# Using Facebook to solve crimes



## TechSocial (Dec 20, 2011)

Connected To The Case to use Facebook for crowd-sourced crime solving

Ready the spandex and decide on a name for your alter ego, because come October 16th, you'll have the chance to fight crime from the comfort of your computer. On that date, the "Connected To The Case" website goes live with the aim of crowd-sourcing tips from its users to help the cops solve active investigations. You'll use your Facebook login for access, as the service pulls data from your profile to prioritize cases with which you might have a connection. Morgan Wright, CEO and Chief Crime Fighter of Crowd Sourced Investigations, told us its system looks at five key areas when digging for pertinent triggers: "date, location, time, relation and demographics." It then uses that data to tailor notifications of unsolved crimes based on -- for example -- proximity to your school, or where you used to work.
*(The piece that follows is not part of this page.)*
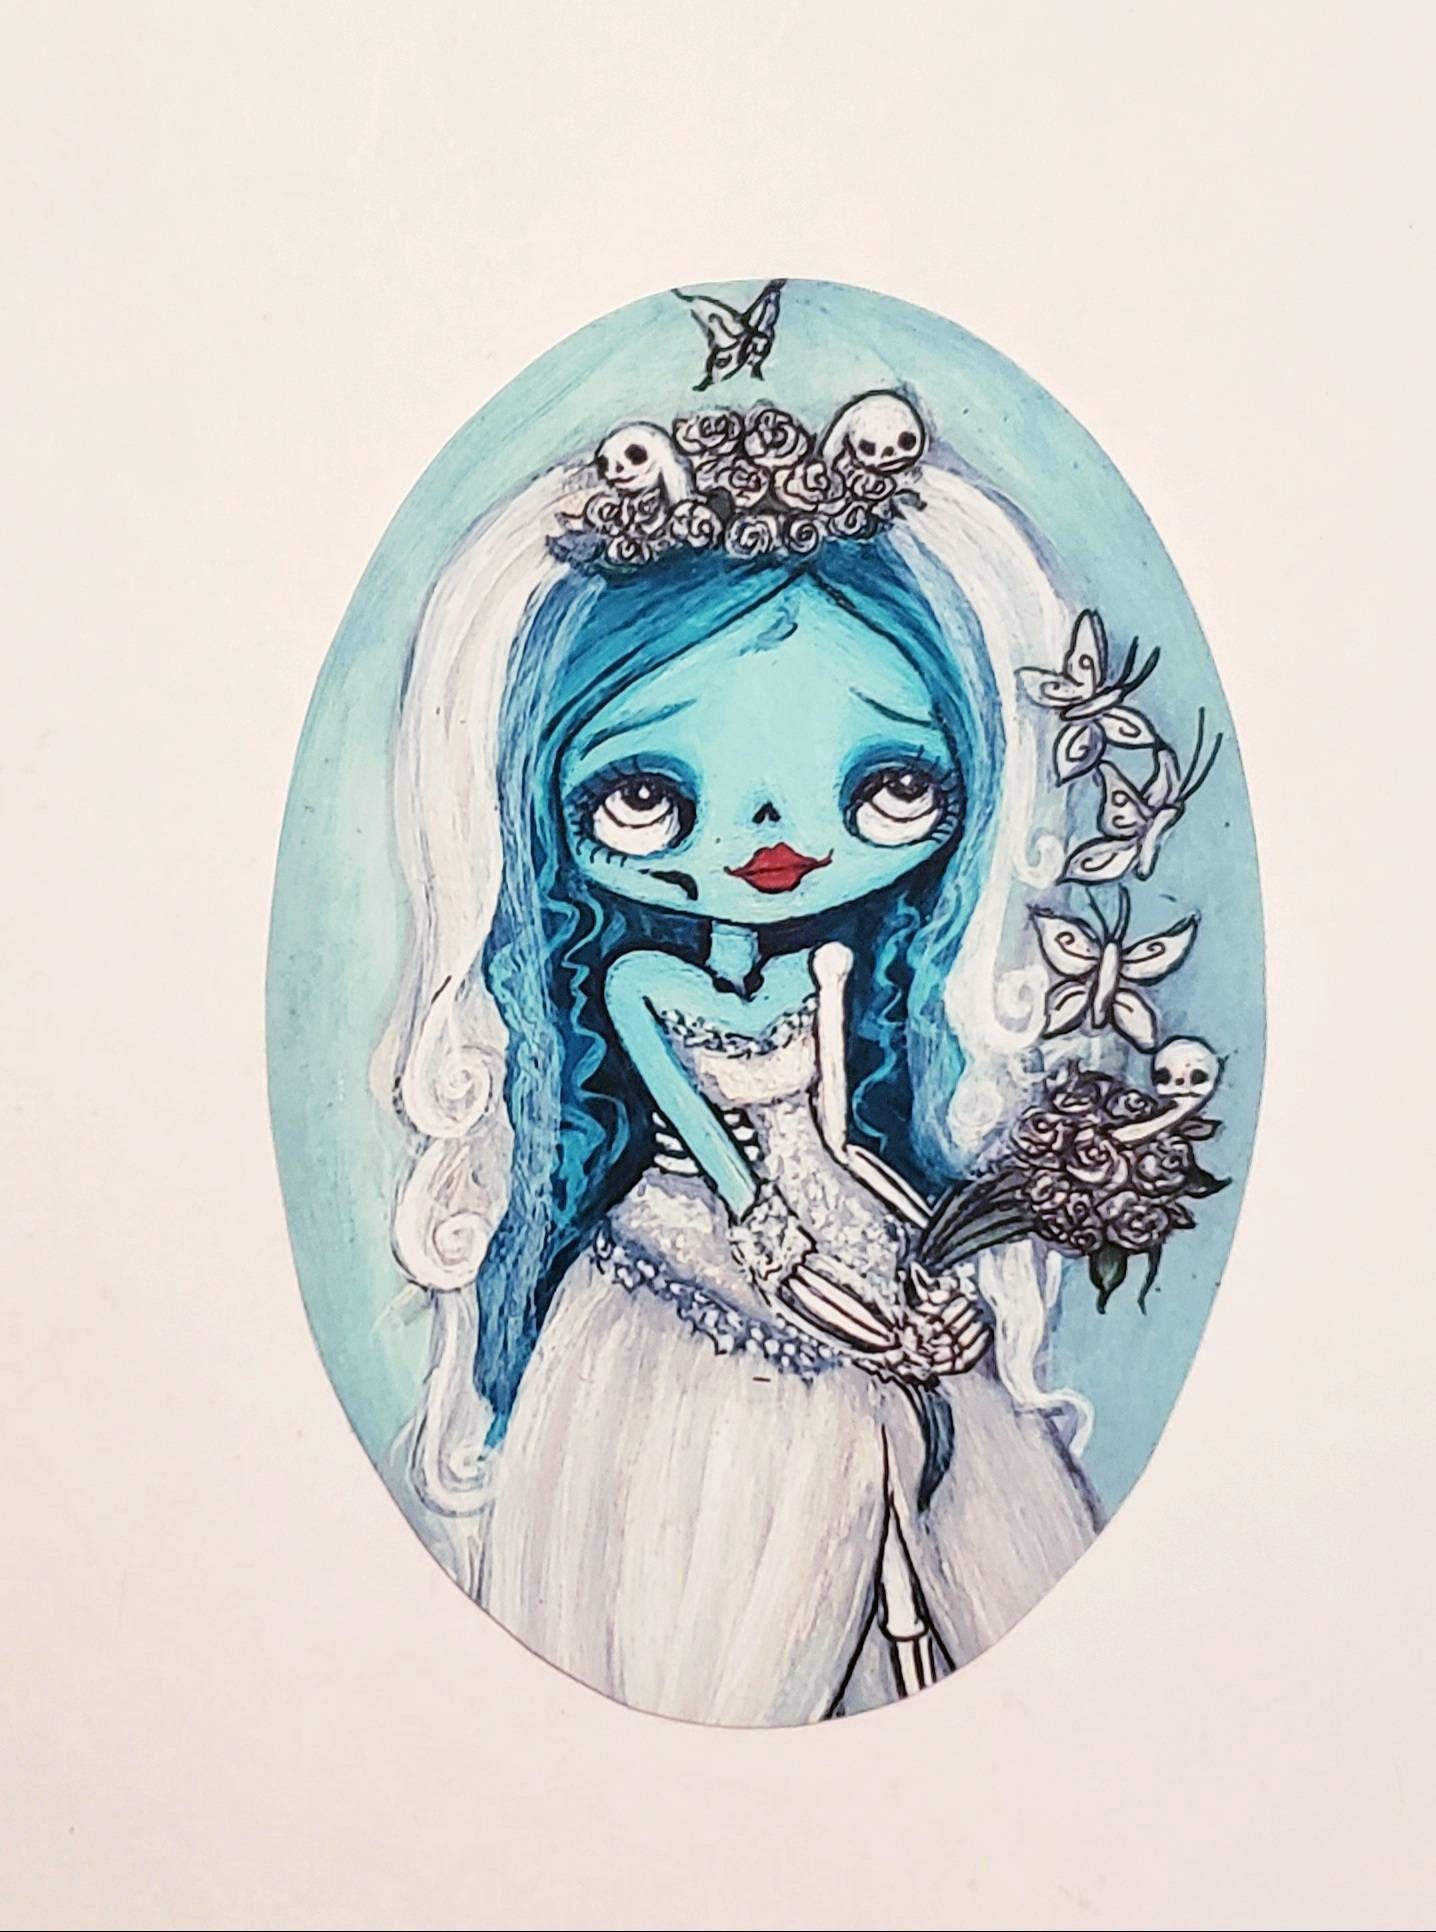 Tattoo uploaded by Alex Wikoff  The Corpse Bride via instagram  keelyrutherford halloween corpsebride dead TimBurton color  butterflies cute KeelyRutherford  Tattoodo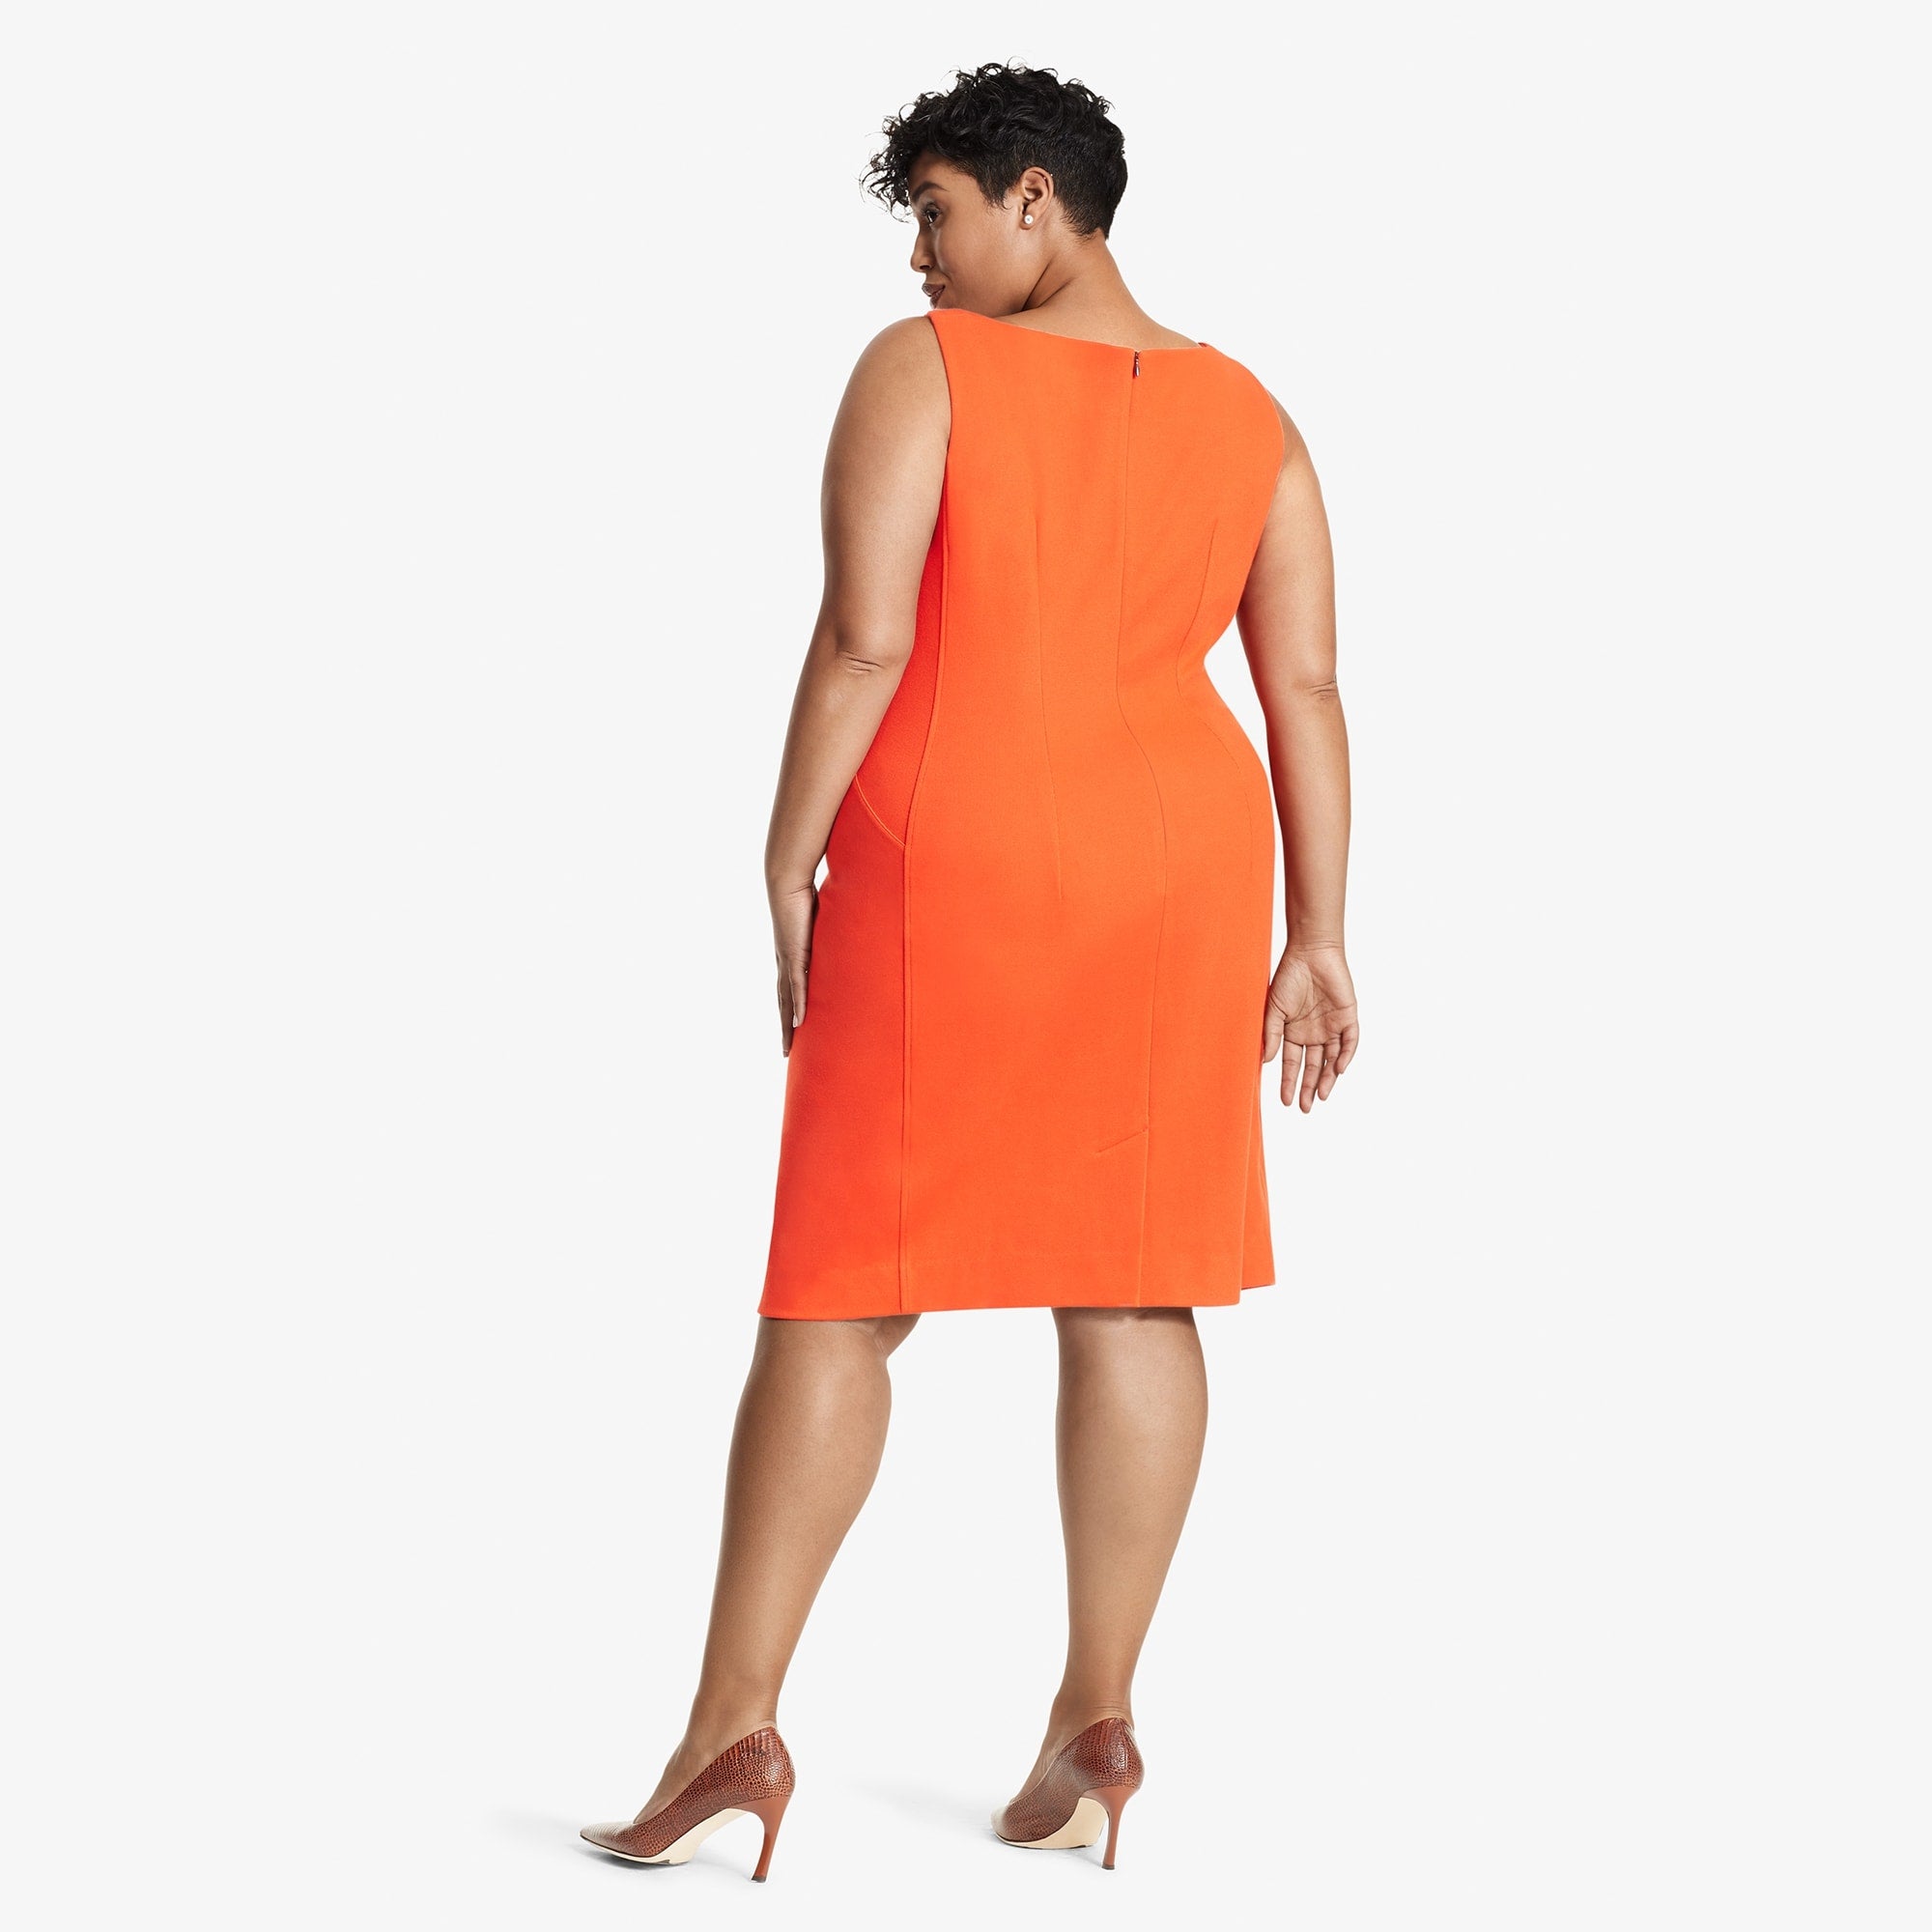 Back image of a woman standing wearing the Lydia dress textured ponte in Tangerine

Rest assured that you control the privacy settings, and if you've got useful info to share, you can do so anonymously.

Read More


----------



## ozziebeanie (Jun 24, 2009)

Incredible what they can do now


----------



## pm1941 (Mar 31, 2005)

Good and it's nice to see that Facebook is getting on top of these shortcomings.


----------



## Donmarita (Jun 19, 2012)

Wouldn't it be wonderful if we could identify and neutralize some of these school bullies?


----------



## pm1941 (Mar 31, 2005)

Indeed yes, cyberbullies in general.


----------